About the history of the Bahá’í Community of Prague

Prague has always played an important role in the history of the Czech lands and has been a major political, cultural, spiritual and economic heart of Central Europe. Nowadays, Prague is an important European city that attracts visitors not only by the abundance of beautiful architectural gems but also by a huge number of cultural, social and political events of international importance.

No wonder that Prague is the home to the oldest Bahá’í Community in today’s Czech Republic. The first mention of the new Faith in what is now the Czech Republic took place also in Prague, in autumn 1852, in a series of articles that appeared in a German-written Prague daily ‘Prager Zeitung’.

The history of the Bahá’í Faith in Prague dates back as fas as the years immediately preceding the outbreak of the First World War.

The real blossoming of the Bahá’í Community of Prague occurred during the first Czechoslovak Republic when famous American Bahá’í teacher, esperantist and journalist, Ms. Martha Root, visited Prague for several times and helped establish and advance a flourishing Bahá’í Community there. The members of the Prague Bahá’í Community at that time consisted mainly of young active esperantists. The most prominent among these first Czech Bahá’ís from Prague were a noted esperantist, translator and linguist, Mr. Vuk Echtner, and another esperantist and translator, Mrs. Juliana Bendová. Both of them dedicated the whole of their long lives to valuable and admirable services to the development of the Bahá’í Faith in Prague and Czechoslovakia.

Martha Root was granted official audiences with the first Presidents of Czechoslovakia, Tomáš Garrigue Masaryk and Edvard Beneš, at the Prague Castle in 1928 and 1936 respectively. During the audiences, both Presidents made very admiring statements on the Bahá’í Faith which appeared in the leading international Bahá’í magazines in 1920s and 1930s.

In 1932, Martha Root settled in Prague for 18 months. Because of Martha’s presence in Prague and the 1932 release of the Czech edition of the well-known Esslemont’s book “Bahá’u’lláh and the New Era”, a number of articles on the Bahá’í Faith appeared in Czech magazines and newspapers.

During the Nazi occupation between 1939 and 1945 all activities of the Czech Bahá’í community were ceased.

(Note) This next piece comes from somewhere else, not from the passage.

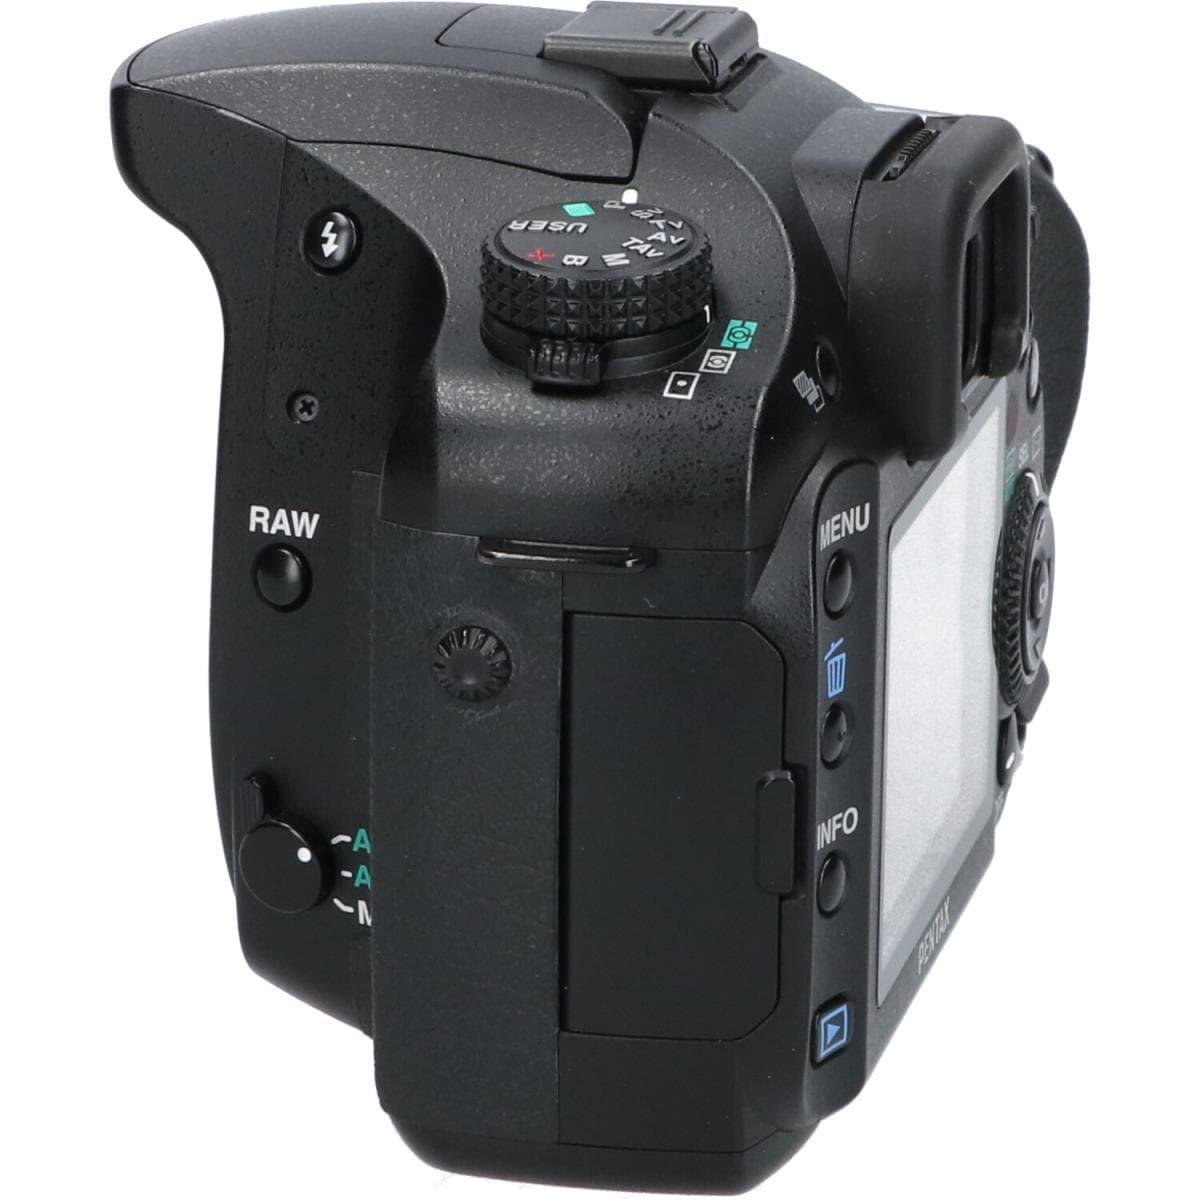 カメラPENTAX　K20D-W

A renewal and further development of the activities of the Bahá’í community of Prague started after the Second World War. During the tough Communist regime in the early 1950s, the Bahá’í community of Prague (approx. 20 to 30 people) was enlarging. There were held regular meetings of the community and the Czech Bahá’ís were visited by several Bahá’í friends from abroad. The public activity of the Bahá’í community was not then, unlike other religious communities in Czechoslovakia, officially banned. In the latter part of 1950s, the teaching activity of the Prague Bahá’í community started spreading even to other relatively far-off parts of the Czech lands, namely to the north of Moravia in the Ostrava region. Juliana Bendová and Vuk Echtner were the chief organizers of these activities. At that time, the Prague Bahá’ís even asked the Communist authorities for an official registration as “The Spiritual Assembly Bahá’í” and for an allocation of a place for regular meetings.

These active steps towards official recognition excited the oppressive measures of the Communist authorities and actual cessation of Bahá’í activities in Czechoslovakia for the long 31 years. The members of the Prague Bahá’í community were arrested by the Communist Secret Police (9 July 1958). The police made perquisitions in their homes. The Bahá’ís including Vuk Echtner and Juliana Bendová were tried in a mock trial (25 September 1958) for their participation in “the banned religious sect Bahá’í” that was connected to “hostile foreign capitalist countries”. Vuk Echtner was sentenced to a three-and-half-year imprisonment. He was released after two years. Juliana Bendová and other Bahá’ís were not sentenced to prison but were under constant police surveillance until the end of the Communist rule in 1989.

At the turn of 1989 and 1990, the first Bahá’í groups from abroad came to Czechoslovakia to establish and re-establish Bahá’í communities here. It was the beginning of ordinary work of the Bahá’í community in Czechoslovakia and in Prague.

In June 1990, the Bahá’ís of Prague elected the first Bahá’í Local Spiritual Assembly of Prague which thus became the first Bahá’í Local Spiritual Assembly to be established in former Czechoslovakia. Since then, this Local Spiritual Assembly has been administrating the affairs of the Prague Bahá’í Community.

In April 1991, in Prague was elected the first Bahá’í National Spiritual Assembly on the territory of Czechoslovakia. The seat of the National Assembly was in Prague.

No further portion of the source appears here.